This vignette is meant to demonstrate how to create and run unit tests for an R package. We also provide a failed test example to demonstrate the anticipated output for these situations.

The purpose of having unit tests in an R package is to ensure feature development does not unintentionally impact current or previous analysis results. Unit test results may be used to help detect bug(s) and allow for early resolution prior to subsequent version releases.

Unit tests work by comparing known (expected) results to the results obtained from the current codebase. This comparison helps to ensure the output is consistent from version to version and changes in results only occur when intended to do so.

Create and Run Unit Tests

Here, we use the fitexp3 function as an example. First, we want to create a unit test for fitexp3, which will be used to check that if additional arguments are incorporated with this function, or if changes tangential to this function occur in the package, this does not change the expected fitting results.

The current fitting results for the exponential 3 model is provided below with some simulated data provided in tcplfit2.

data("signatures")
conc=as.numeric(str_split(signatures[1,"conc"],"\\|")[[1]])
resp=as.numeric(str_split(signatures[1,"resp"],"\\|")[[1]])
# use this result as the "expected" result
fitexp3(conc, resp)

To create a test for a function, we can use usethis::use_test("<name of the function>") to create a test file, see the usethis package for further details. The generated test file contains template code with the test_that function from testthat package.

The following code chunk shows the test created for fitexp3. It runs the same code from the code chunk above and compares the fitted values for all model parameters to the results what we expect to see (as in the above results). If all the values are identical, the test passes. This code chunk can be ran directly and the output indicates whether the test passes or fails.

test_that("fitexp3 works", {

  # include the same code we expect to generate the same results for 
  data("signatures")
  conc=as.numeric(str_split(signatures[1,"conc"],"\\|")[[1]])
  resp=as.numeric(str_split(signatures[1,"resp"],"\\|")[[1]])

  # compare the actual with the expected results
  expect_equal(fitexp3(conc, resp)$a, 2.786, tolerance = 1e-3)
  expect_equal(fitexp3(conc, resp)$b, 269.522, tolerance = 1e-3)
  expect_equal(fitexp3(conc, resp)$p, 0.6895, tolerance = 1e-3)
})

Repeat the process above for each function you need a test for in a package. We can use devtools::test() to run all tests in the package at once. The output will show how many tests are ran, which, and how many passed. For any failed tests, the output will provide a comparison of the actual versus the expected results.

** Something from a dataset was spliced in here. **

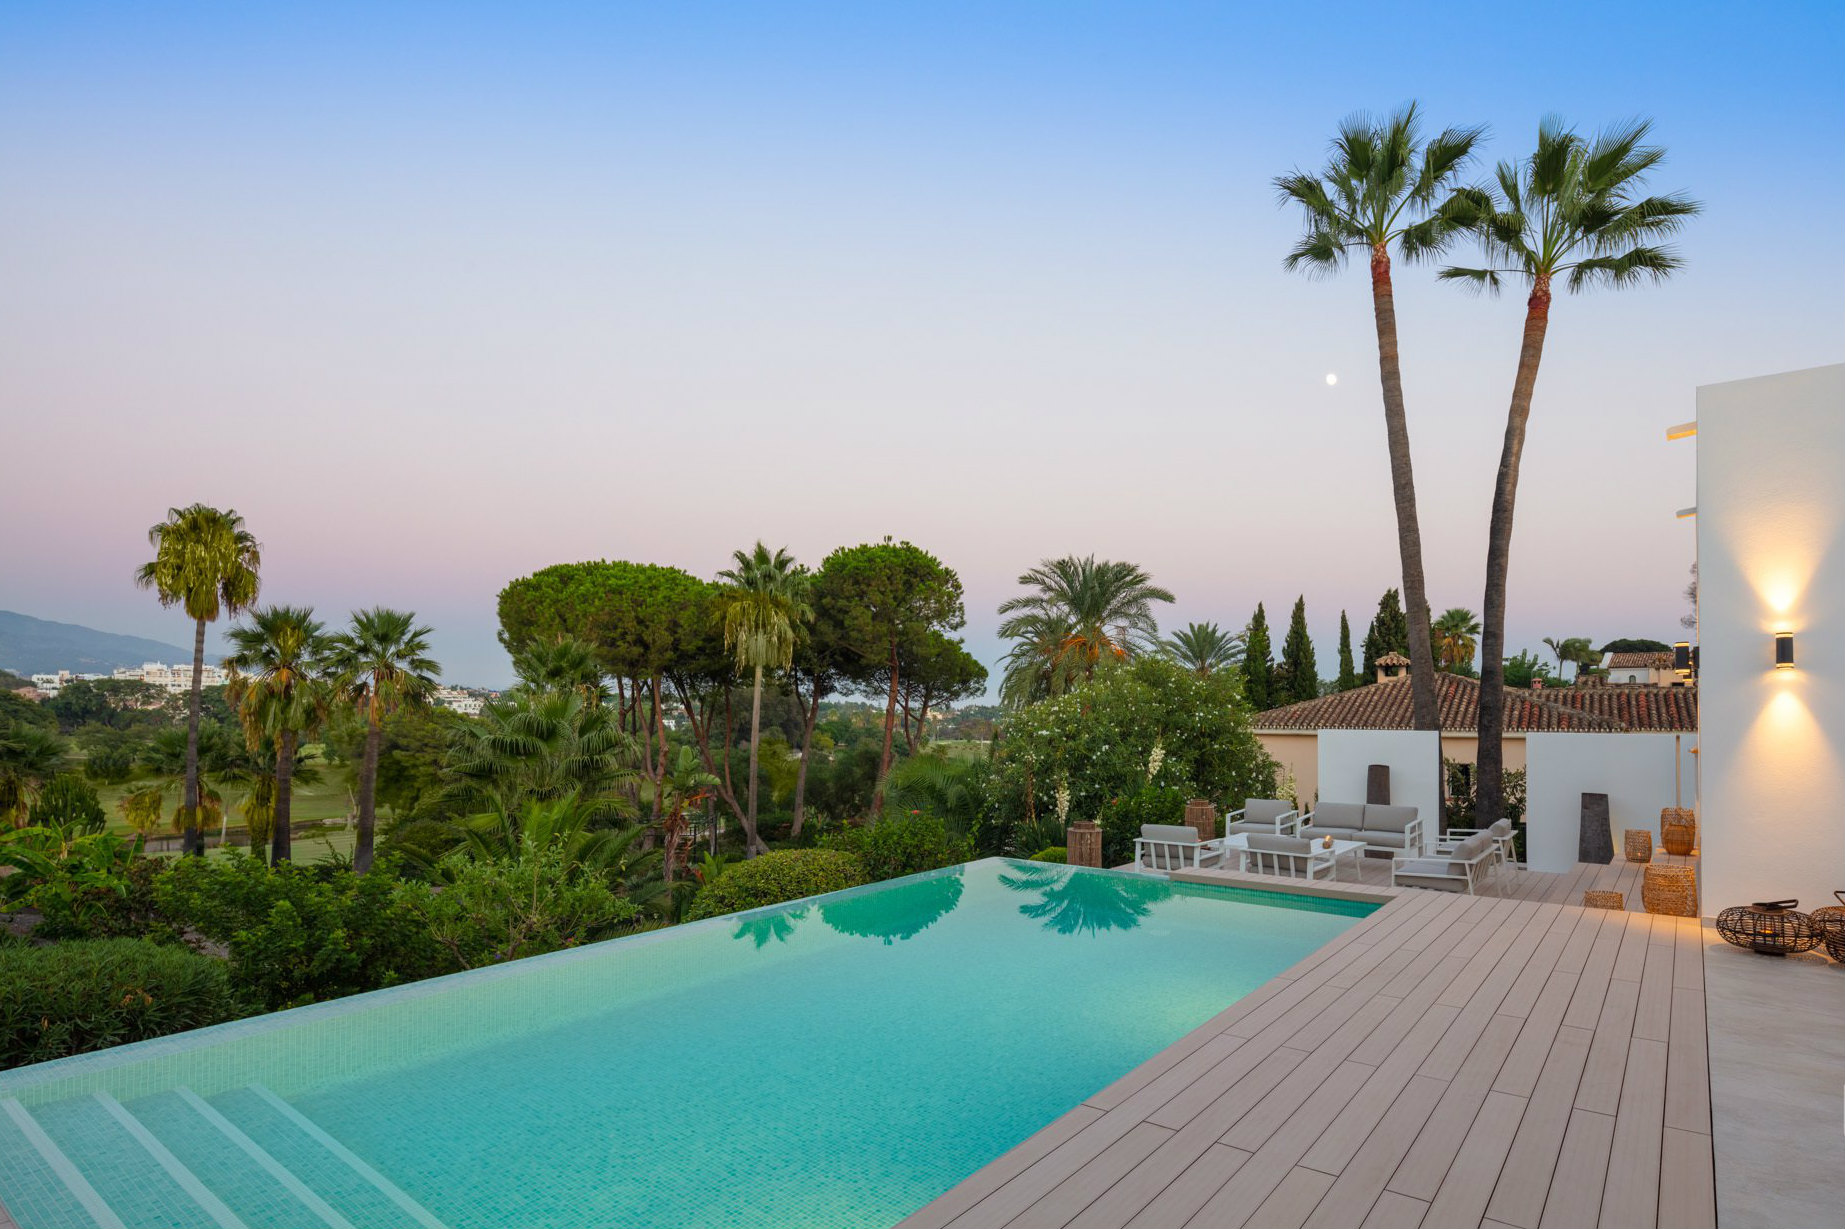 Revisiting Marbella: Top 12 luxury villas - and taxes tips
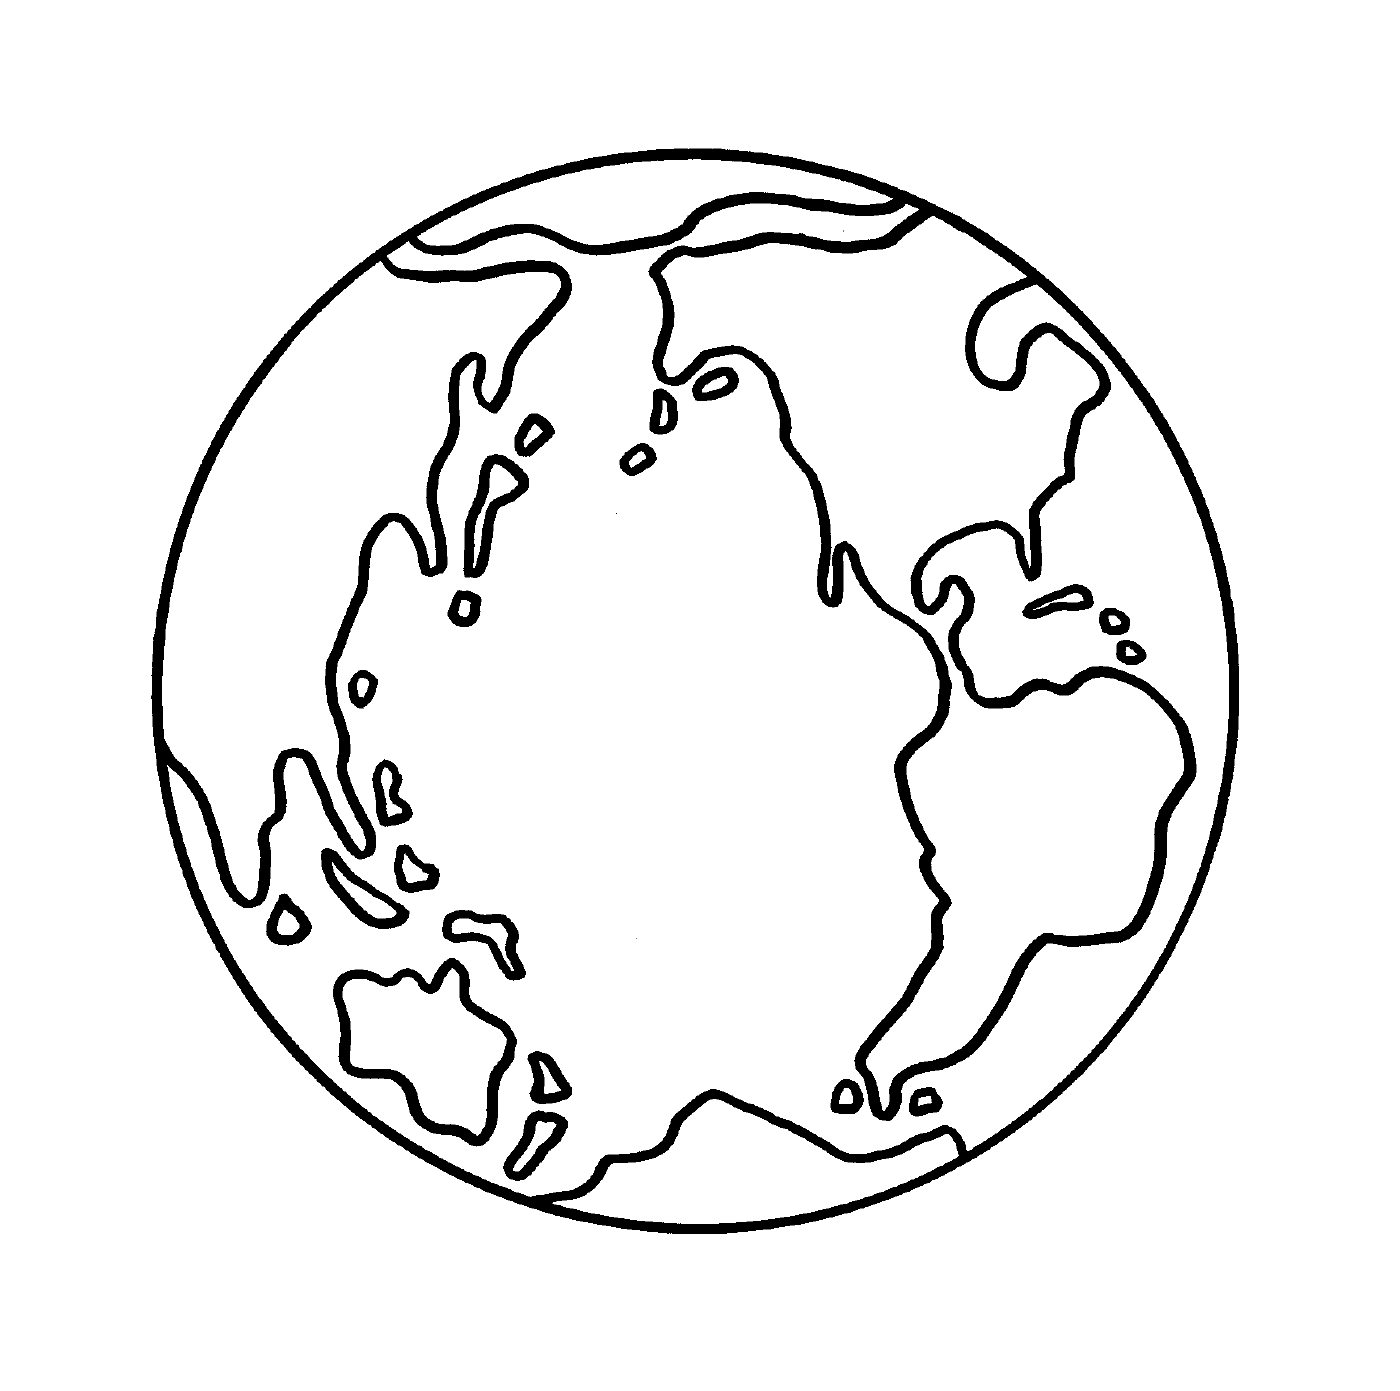  Contour of the Earth

# make sure you are in the package directory, or specify the path to it
devtools::test()

Failed Test

In this section, we demonstrate what can cause a unit test to fail and what the test output looks like for a failed test. Suppose, I am adding a new argument allowing users to choose "normal" as an error distribution for model optimization. The current assumption is that the residuals follow a "t-distribution" and will remain the default for this argument. Thus, adding this feature should not change the fitting results if the normal error assumption is not specified with this new argument.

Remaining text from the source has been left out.